Video appears to show missile hitting Iran naval base near school where 175 died

A newly surfaced video is adding urgent new evidence to the investigation into one of the deadliest civilian casualty incidents in the current Iran conflict. The footage appears to show a cruise missile striking a building inside an Islamic Revolutionary Guard Corps naval base in Minab, southern Iran, near an elementary school that Iranian officials say was destroyed in the same strike wave, killing more than 175 people, most of them young girls.

The story belongs in the World category because it centers on an international military incident, disputed responsibility for a deadly strike, and the wider geopolitical fallout involving Iran, the United States and Israel.

What the new video shows

The video, posted by Iran’s semi-official Mehr News and analyzed by independent researchers, appears to capture a missile moments before it slams into a structure inside the naval compound. The footage was also reviewed by major international outlets including The New York Times, which reported that it verified the video, and by analysts cited in CNN and ABC News.

Weapons experts quoted by those outlets said the missile’s shape resembles a Tomahawk Land Attack Missile, or TLAM, a long-range cruise missile used by the U.S. Navy. Analysts pointed to the missile’s cruciform design, wing placement and tail section as key indicators.

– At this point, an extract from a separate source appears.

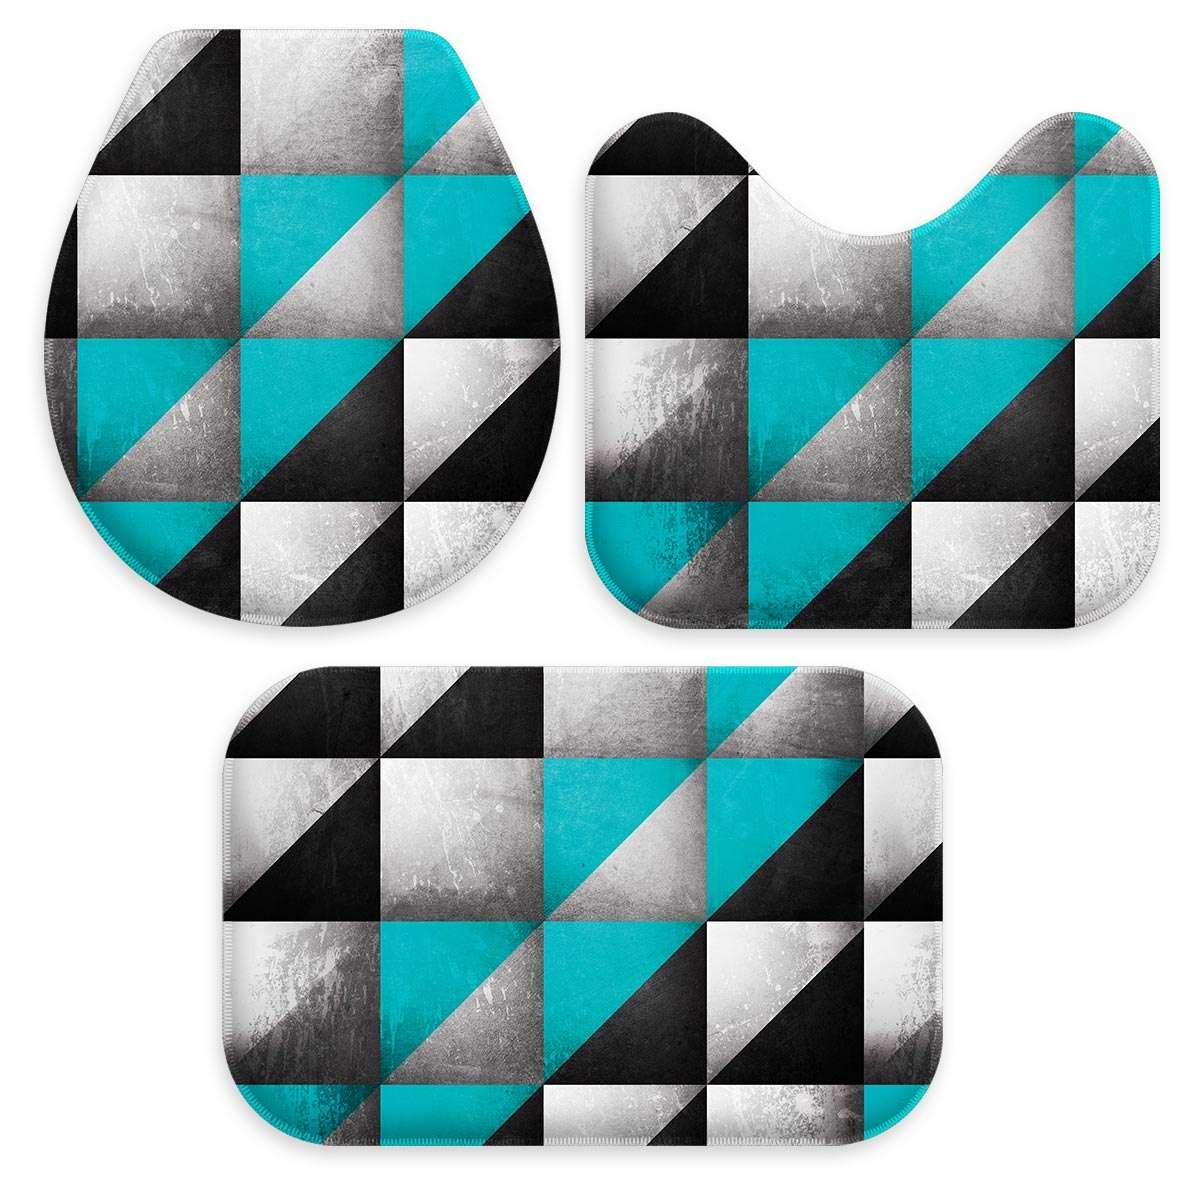 98c2d9ff4 Kit 3 Tapetes Decorativos para Banheiro Geometrico

Still, identification from video alone remains short of definitive proof, especially because investigators have not publicly recovered munition fragments from the school site.

Why Minab matters

Minab sits near the strategically vital Strait of Hormuz, one of the world’s most sensitive maritime chokepoints. The strike’s location — beside a Revolutionary Guard naval installation and near a school — has intensified scrutiny over whether the school was directly targeted, accidentally hit, or damaged by blast effects from a nearby military objective.

Satellite imagery reviewed by The New York Times showed multiple precision impact points across the base, including direct hits on several IRGC buildings. One structure in the school complex also suffered severe damage. Analysts told the paper the patterns were consistent with deliberate precision strikes, though that still does not conclusively determine which strike caused the school deaths.

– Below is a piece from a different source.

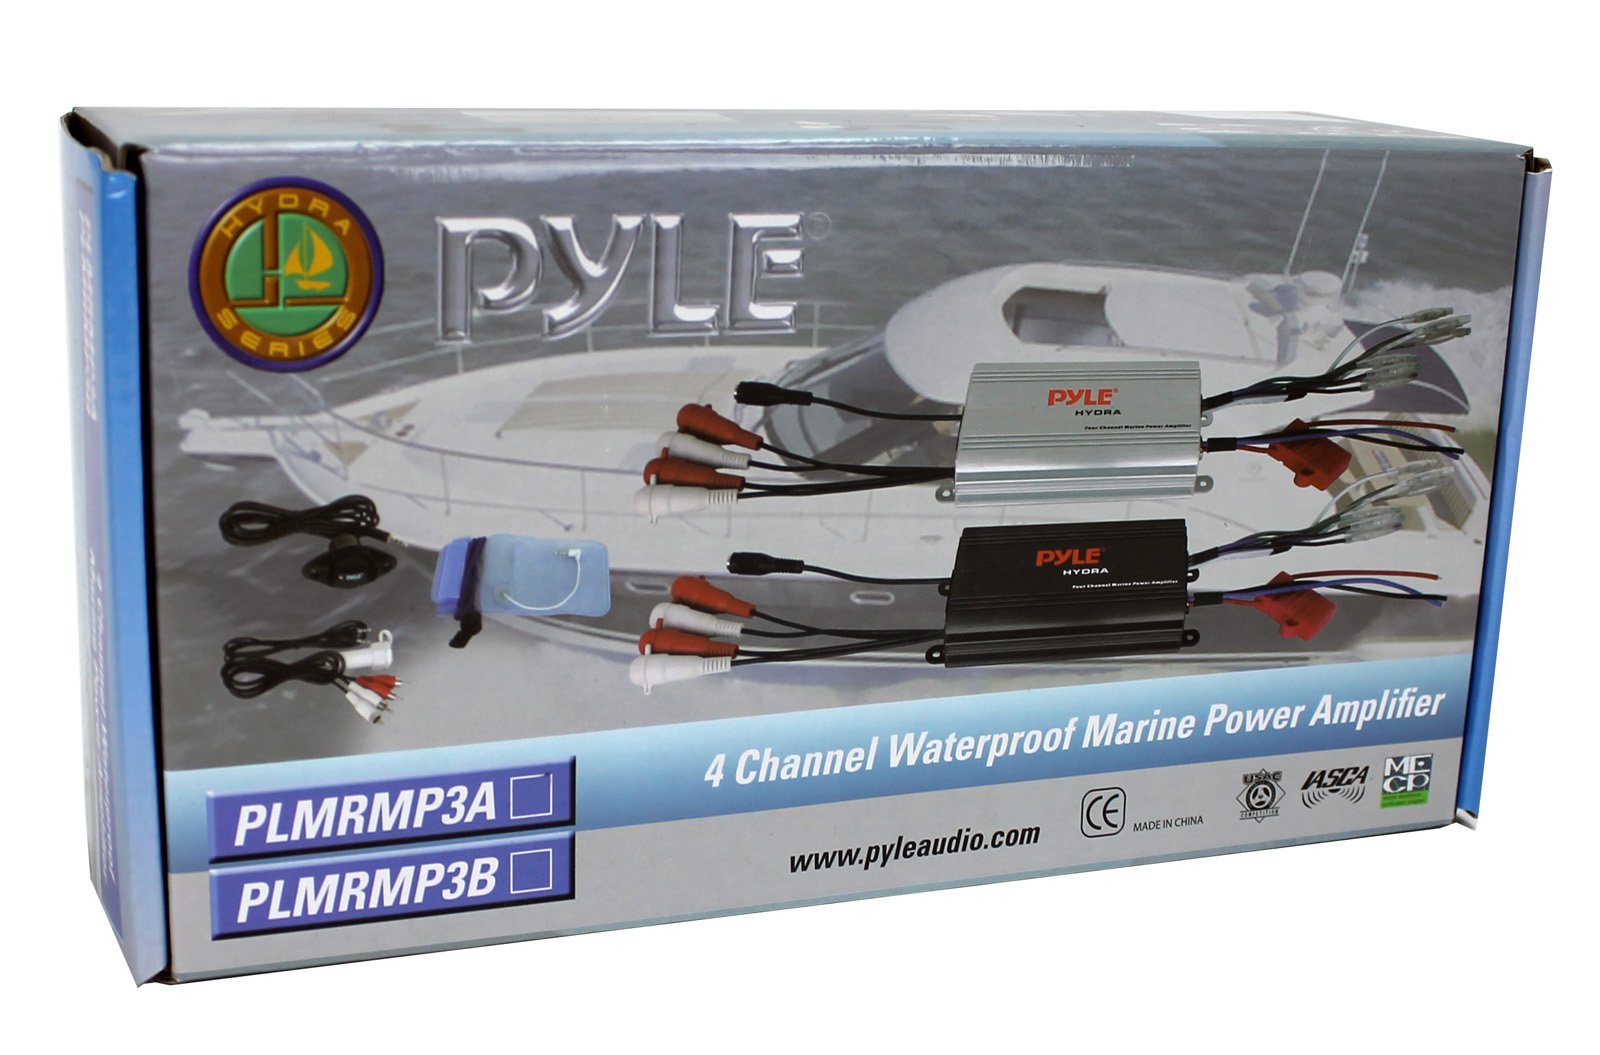 Pyle PLMRMP3A 4 Channel Marine Waterproof MP3/iPod Amplifier + Bluetooth  Dongle - Walmart.com

Competing claims from Washington and Tehran

Responsibility for the strike remains heavily disputed. U.S. officials have not confirmed whether American forces carried it out. U.S. Central Command has declined to comment while the matter is under investigation.

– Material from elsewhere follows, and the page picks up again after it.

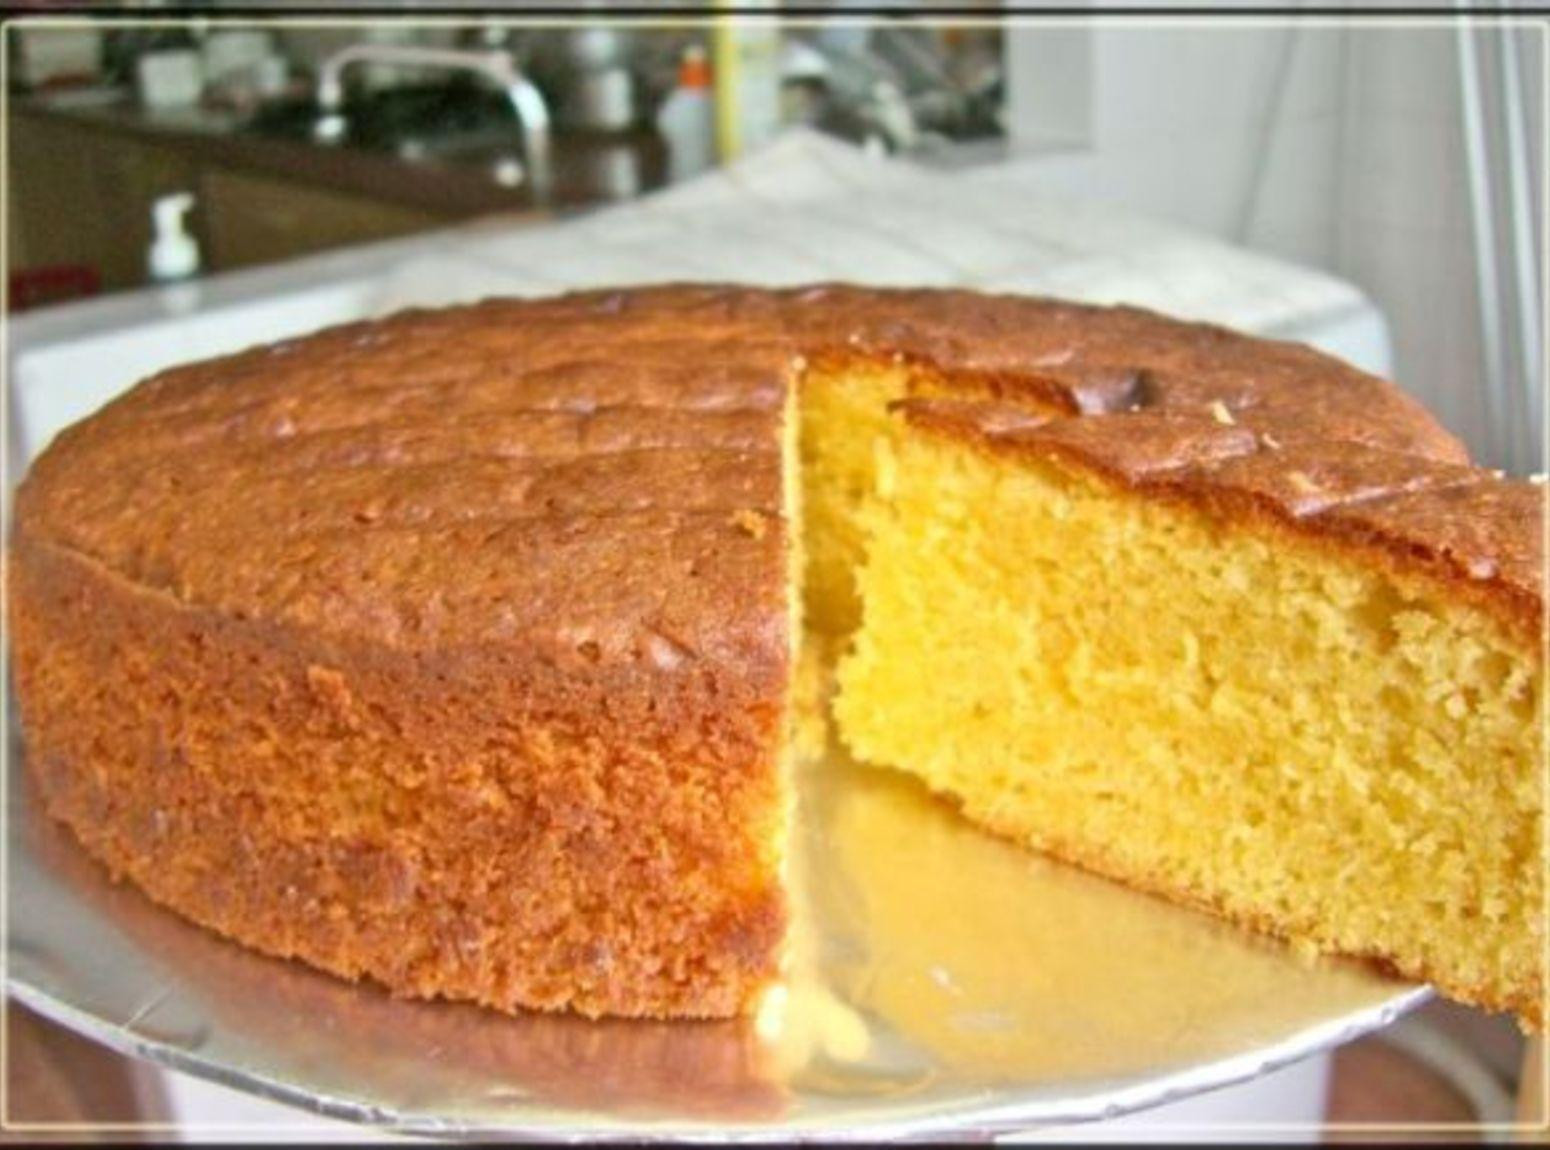 Sponge Cake Recipe  Cake Boss Sponge Cake Recipe

President Donald Trump told reporters that, in his view, Iran itself was responsible, while Defense Secretary Pete Hegseth said the Pentagon was still reviewing the incident. Iranian officials, by contrast, have blamed the United States for the attack.

That uncertainty matters beyond the battlefield. If the weapon was in fact a Tomahawk, attention will remain fixed on U.S. naval operations and on whether Washington is withholding operational details. At the same time, analysts caution that public narratives in wartime are often shaped by incomplete evidence, selective releases and propaganda from all sides.

Broader global context

The Minab case lands amid broader international concern over civilian harm in modern conflicts and the difficulty of verifying fast-moving wartime claims. Recent reporting from Reuters World, The Associated Press and BBC News has underscored how satellite imagery, open-source intelligence and independently verified video are increasingly central to documenting military incidents when journalists cannot safely access the scene.

The use of geolocation, weapons identification and cross-platform verification by outlets and research groups such as Bellingcat reflects a larger shift in international reporting: visual evidence is often available immediately, but certainty arrives much more slowly.

What comes next

Without on-the-ground access, forensic recovery of weapon debris, or a formal public investigation accepted by multiple sides, the full truth about what happened in Minab may remain contested. But the newly surfaced footage has sharpened the key questions: what weapon was used, who launched it, and how a strike on a military compound coincided with catastrophic deaths at a nearby school.

For now, the video does not close the case. It raises the stakes. And in a conflict already defined by escalation, denials and mounting civilian casualties, Minab is becoming a test of whether international scrutiny can still produce accountability.